Considerations for Employers

As discussed, two or more repeat or willful violations subjects an employer to placement in the SVEP. How might an employer steer clear of those violations? With regard to repeat violations, it may be easier said than done. To prove a repeat violation, OSHA must show that the two violations are “substantially similar.”

OSHA generally makes out a prima facie case for a repeat violation by showing the employer previously violated the same standard within a five-year period. With most violations, this is easy for OSHA to do. And the situation is most punitive for large companies. For example, a violation for failing to have a Safety Data Sheet required by the Hazard Communication standard at one facility can easily morph into multiple repeat violations at other facilities.

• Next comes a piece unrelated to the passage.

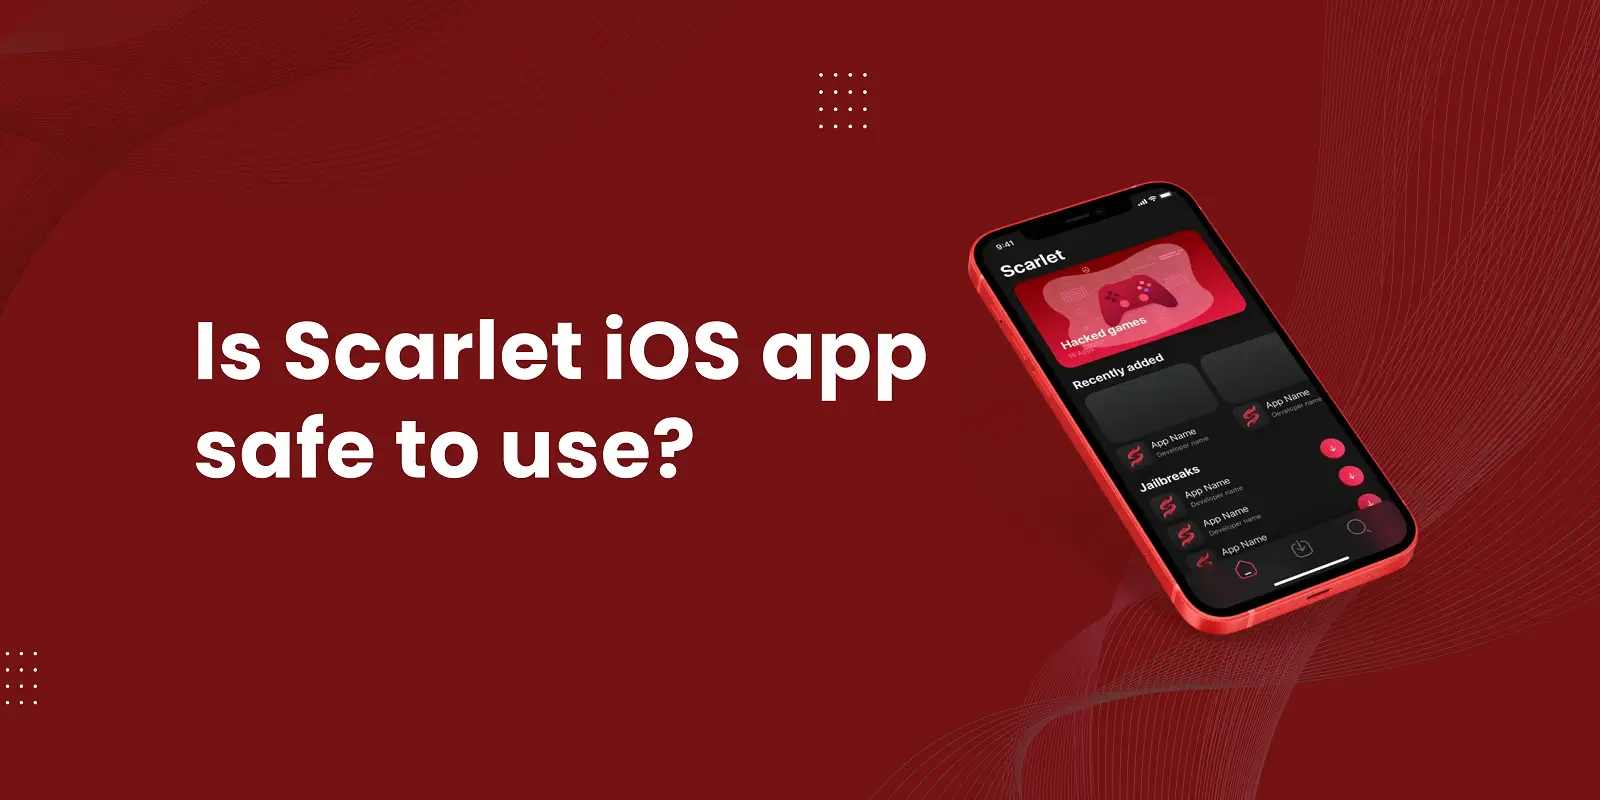 Is scarlet ios app safe to use?

While it will not always be possible to avoid a repeat violation, employers can minimize risk by implementing abatement measures on a corporate-wide basis. For example, if an employer accepts a machine guarding violation at one facility, it can make sure the same equipment is appropriately guarded at other facilities. Similarly, if the employer accepts a violation alleging a procedure or policy is deficient, it can make that change across similar facilities.

OSHA’s standard for proving a willful violation is more nebulous. According to the Field Operations Manual, OSHA must prove that the employer “intentionally or knowingly” violated the cited standard, or was “plainly indifferent” to the hazard. For example, was the employer aware of a specific hazard, but failed to take steps to mitigate it? This proof scheme implicates “state of mind”-type evidence: What did the employer know and when did it know it? What was the employer’s response to addressing a particular hazard?

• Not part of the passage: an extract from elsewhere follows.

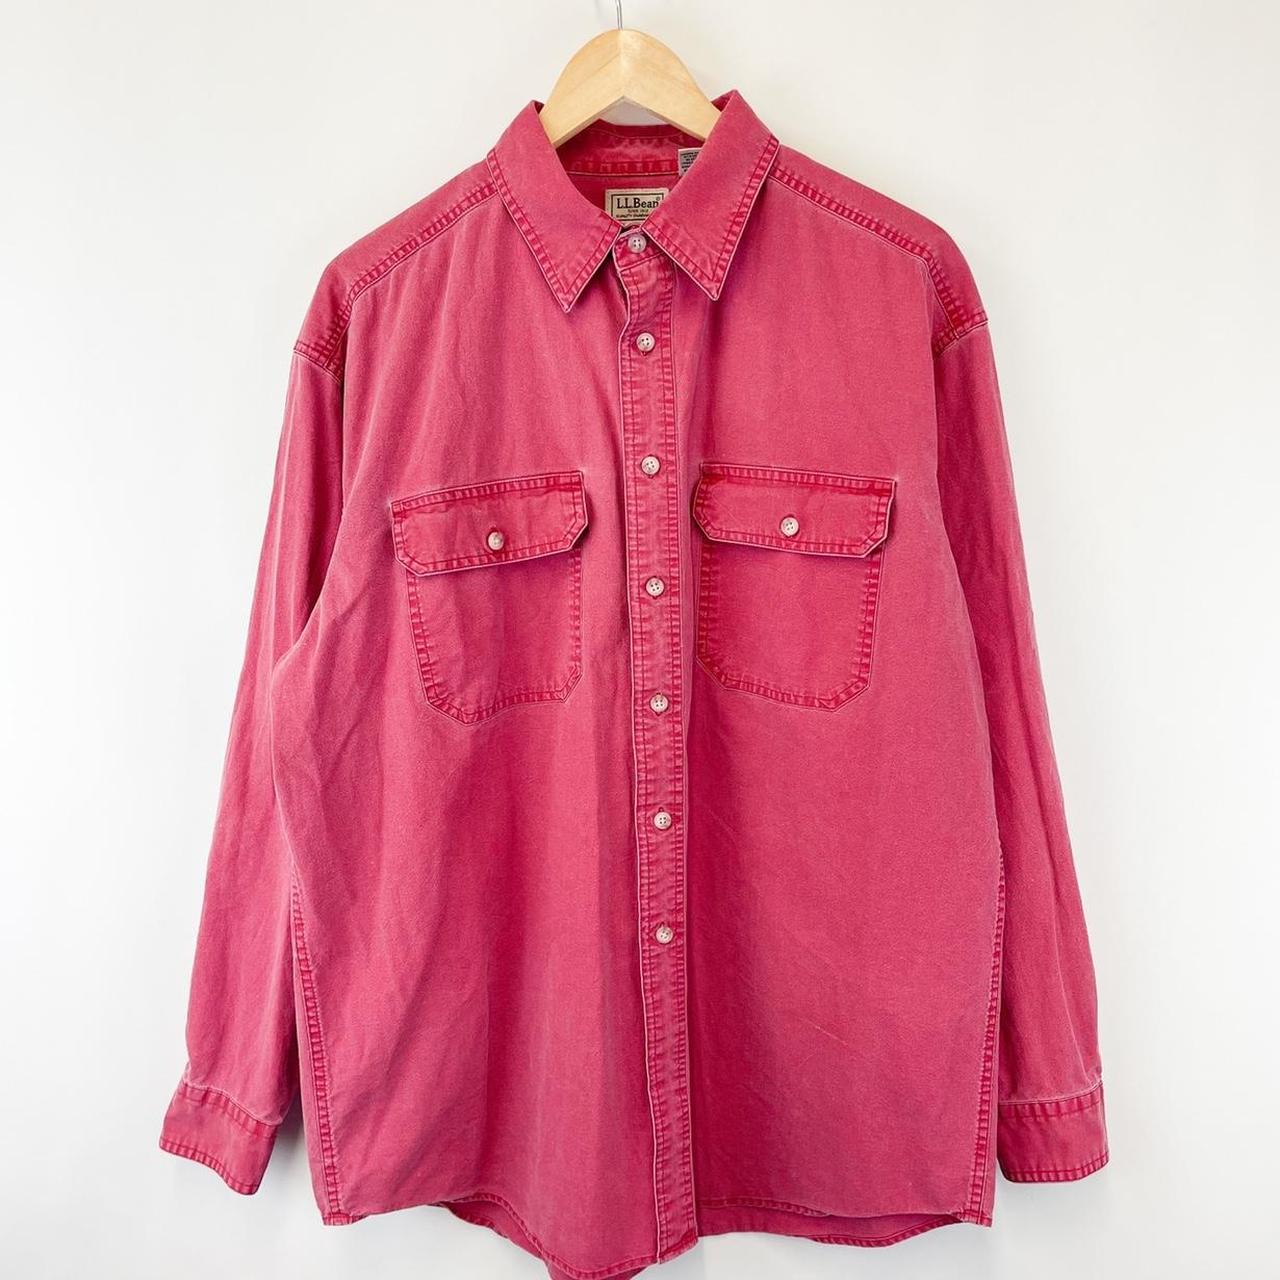 L.L.Bean Men's Red and Pink Shirt

In addition to the steps listed above with regard to repeat violations, employers may want to consider the following:

Organization-Wide Hazards

Employers may find it useful to retain an expert or consultant to address a specific hazard that exists throughout the employer’s operations. An evaluation showing that the employer adequately addressed a hazard or implemented the recommendations of an expert cuts against any claim from OSHA that the employer did not care about safety or the specific hazard.

Routine Auditing

A site-specific auditing program assessing hazards in the workplace may be valuable for some employers because audits can be used to show that an employer took steps to address hazards and may not have had actual knowledge that a hazard existed. On the flip side, if an employer audits, but fails to implement or respond to action items, that could be significant proof of a willful violation.

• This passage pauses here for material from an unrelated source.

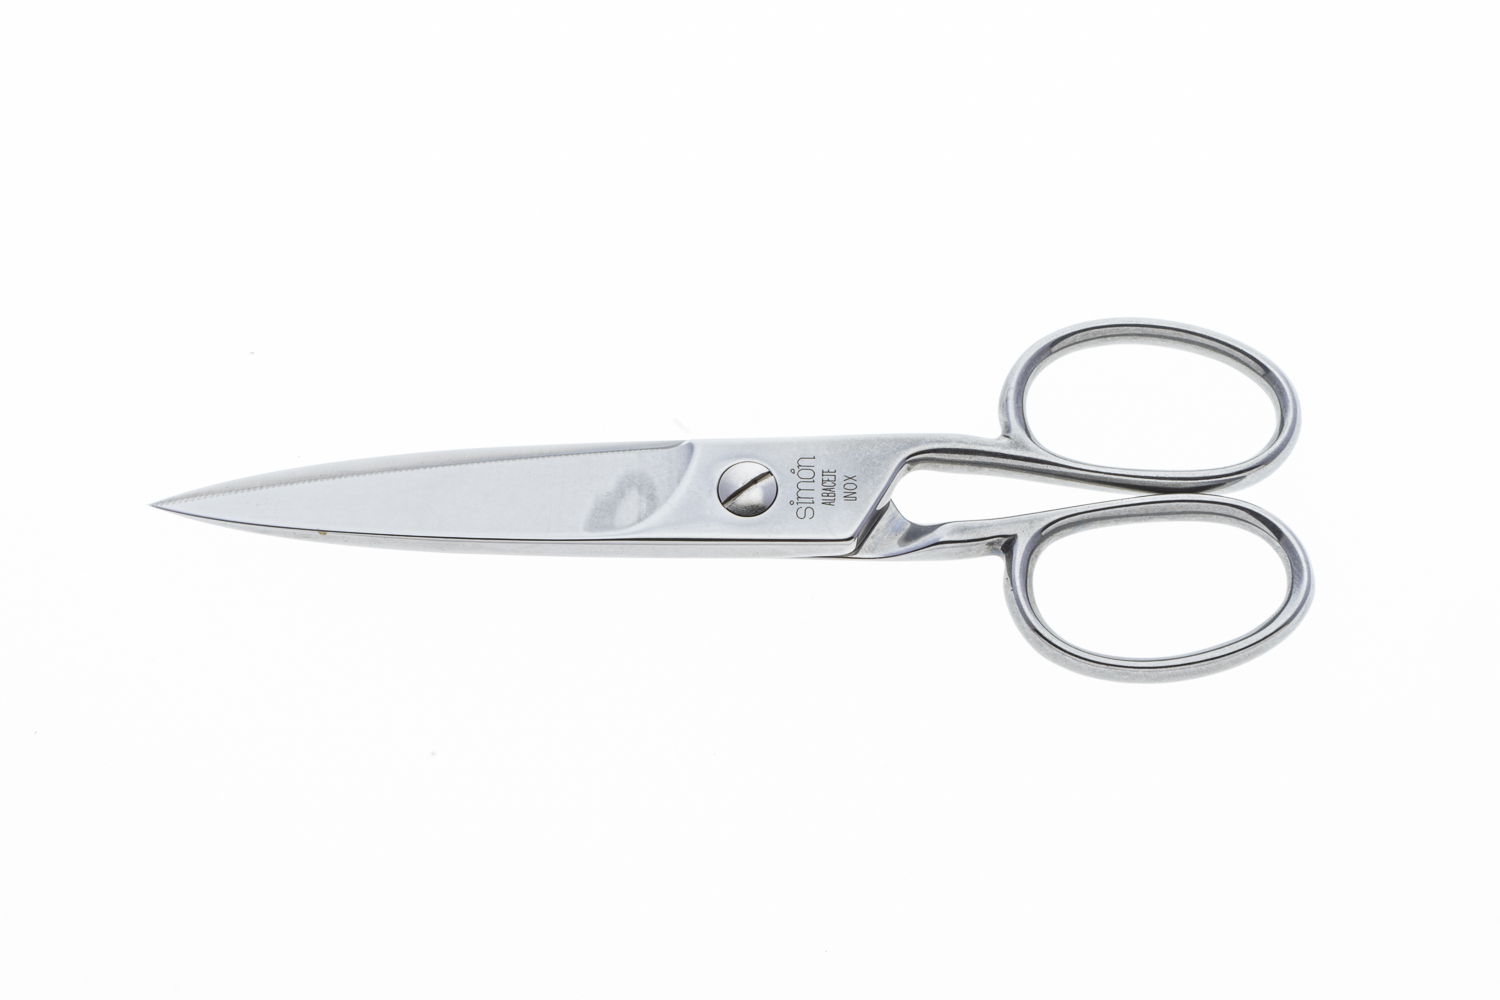 Simón classic model kitchen scissors small made of stainless steel

Employee Misconduct Defense

Employers may want to take steps to present a viable unpreventable employee misconduct defense. To make out this affirmative defense, the employer must show: (1) it implemented a work rule or policy addressing the hazard; (2) it trained employees and ensured they knew the requirements of the work rule; (3) it took steps, such as implementing active supervision or routine worksite audits, to identify violations of the rule; (4) it took disciplinary action, such as retraining, counseling, suspension, or termination, when violations of the rule were identified. If all of these elements are met, OSHA will be less able to prove a willful violation and may not be able to prove any violation.

Training

Employers will want to ensure employees understand their training. Written or online tests can be used to prove that employees understood the training. Employers may need to address employees’ language proficiencies when implementing new training programs.

Employee Involvement

Safety committees, a program to allow safety suggestions from employees, and consultations with employees about the safest ways to conduct particular operations can show that the employer is not indifferent to workplace safety. As with auditing, responding to employee suggestions or views may turn out to be critical for employers when faced with these situations. If the employer rejects an idea, it may need to ensure that it has a clear business justification for doing so.